Background: Large language models have made significant progress on mathematical reasoning tasks (e.g., GSM8K, MATH), but they still exhibit a large number of bad cases. These errors typically follow specific patterns—such as misuse of particular operator types, misunderstanding of problem structures, or computational errors.

Limitations of Prior Work: Existing "learning from errors" methods typically adopt a straightforward strategy: collect error cases \(\rightarrow\) let a stronger model generate correct solutions for each error case individually \(\rightarrow\) fine-tune the target model using these corrected data. The limitation of this approach is that it only patches errors individually without extracting general patterns from them—errors of the same type may recur across different problems but are treated independently each time, resulting in synthesized data that lacks systematicity and generalizability.

Key Challenge: A single error case carries limited information, but errors of the same type embody common patterns. Existing methods ignore this "categorized" error information—if a model repeatedly makes errors in fraction arithmetic, remediating individual problems cannot fundamentally solve the issue for that entire category.

Goal: Design a framework that can extract general patterns from errors and synthesize targeted training data, enabling the model to systematically overcome specific types of mathematical reasoning weaknesses.

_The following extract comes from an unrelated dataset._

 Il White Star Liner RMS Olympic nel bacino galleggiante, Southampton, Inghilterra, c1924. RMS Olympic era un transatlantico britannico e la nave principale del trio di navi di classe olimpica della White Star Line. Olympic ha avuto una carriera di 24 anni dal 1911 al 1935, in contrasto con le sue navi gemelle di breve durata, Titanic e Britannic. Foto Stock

Key Insight: The authors propose the concept of "Error Generalization"—instead of patching individual errors, they analyze the common characteristics of error cases to identify "error types", and then synthesize training data at scale for each type. In this way, a single error case can drive improvements across an entire class of problems.

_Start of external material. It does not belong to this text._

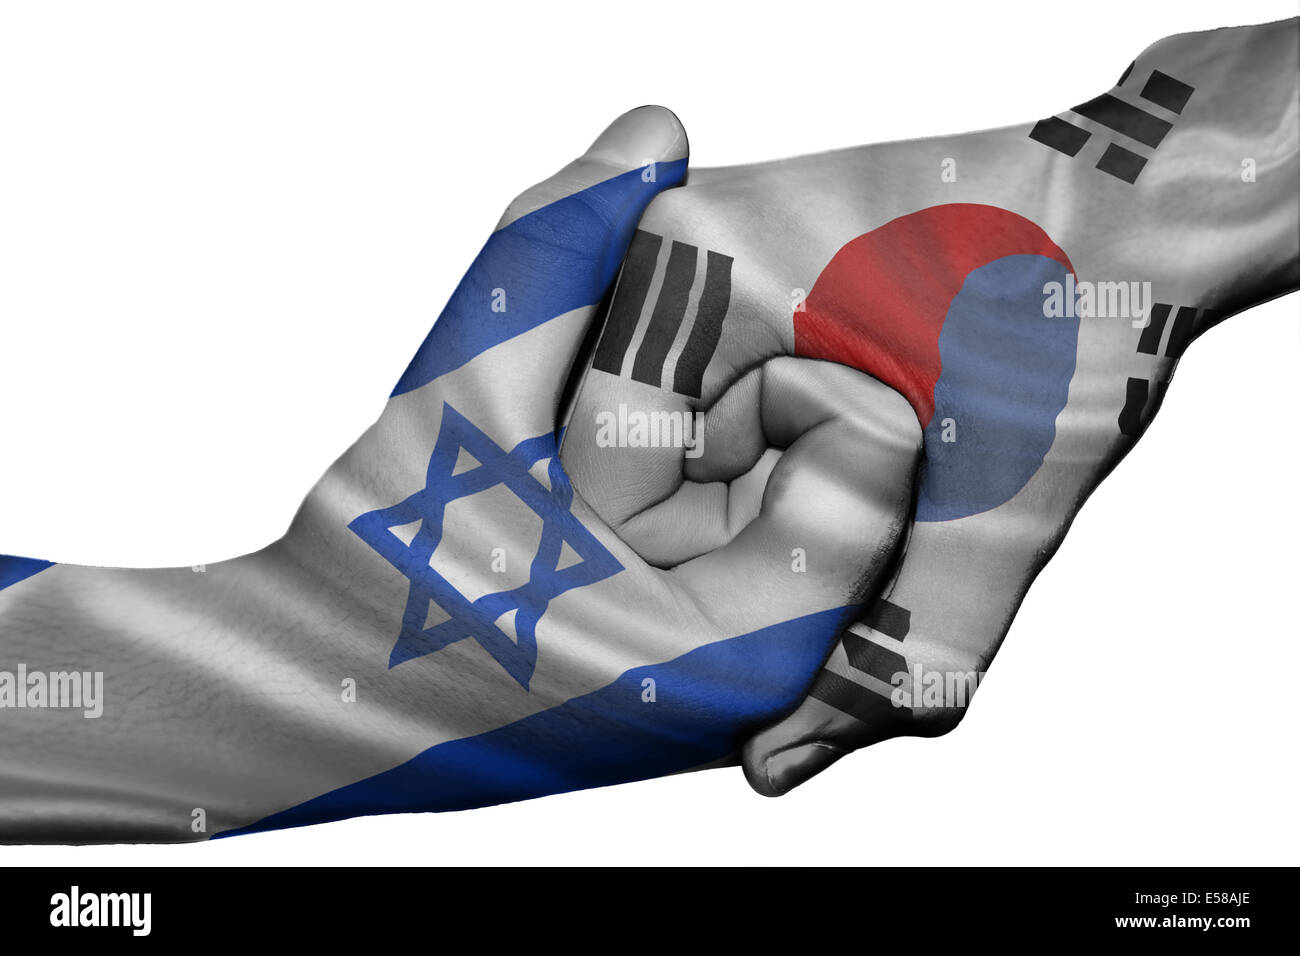 Handshake diplomatiche tra paesi: bandiere di Israele e la Corea del Sud sovradipinta le due mani Foto Stock

Core Idea: First cluster to discover error types, then synthesize training data in batches by type, allowing a small number of error cases to drive broad capability improvements.

Method¶

Overall Architecture¶

SEI is an iterative "diagnosis-synthesis-training" framework. The inputs are the target model and mathematical datasets (GSM8K, MATH), and the output is the fine-tuned, enhanced model. The overall workflow is: (1) Run the target model on the dataset to collect error cases; (2) Use GPT-4o (the instructor model) to analyze each error case and extract error keyphrases; (3) Cluster the keyphrases to identify error types; (4) Sample a few representative error cases for each error type and let GPT-4o synthesize new training data; (5) Filter the synthesized data to retain high-quality samples; (6) Fine-tune the target model using the filtered data. The entire process can repeat for multiple iterations, discovering new error types and synthesizing new data in each round.

Key Designs¶

Error Keyphrase Extraction & Clustering:
- Function: From a large number of error cases, extract a structured categorization of error types.
- Mechanism: For each error case of the target model, input the incorrect reasoning process along with the correct answer into GPT-4o, prompting it to analyze the root cause of the error and output a concise "error keyphrase" (e.g., "fraction division confusion", "omitted unit conversion", "omitted condition judgment"). After gathering all error keyphrases, perform text clustering—heuristically grouping semantically similar keyphrases into the same error type. This yields several error type clusters, each representing a systematic weakness of the model.
- Design Motivation: Directly clustering raw error cases is too coarse-grained (as the underlying math problems differ greatly). In contrast, keyphrases represent a high-level abstraction of the root error causes, and clustering in the keyphrase space captures commonalities in error patterns more accurately.
Type-Specific Self-Instruct Data Synthesis:
- Function: Synthesize targeted training data at scale for each error type.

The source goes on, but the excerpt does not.